#### [Assignment]
Output only the lines below that start at the line containing "Danish set of" and end at the line containing "The chairs feature", with both ends kept.

#### [Records for processing]
--- START ---
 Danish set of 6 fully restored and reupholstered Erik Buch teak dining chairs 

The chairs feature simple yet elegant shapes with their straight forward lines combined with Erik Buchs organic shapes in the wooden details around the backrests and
--- END ---
--- START ---
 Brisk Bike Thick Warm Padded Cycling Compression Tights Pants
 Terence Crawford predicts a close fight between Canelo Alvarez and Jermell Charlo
--- END ---
#### [Output]
 Danish set of 6 fully restored and reupholstered Erik Buch teak dining chairs 

The chairs feature simple yet elegant shapes with their straight forward lines combined with Erik Buchs organic shapes in the wooden details around the backrests and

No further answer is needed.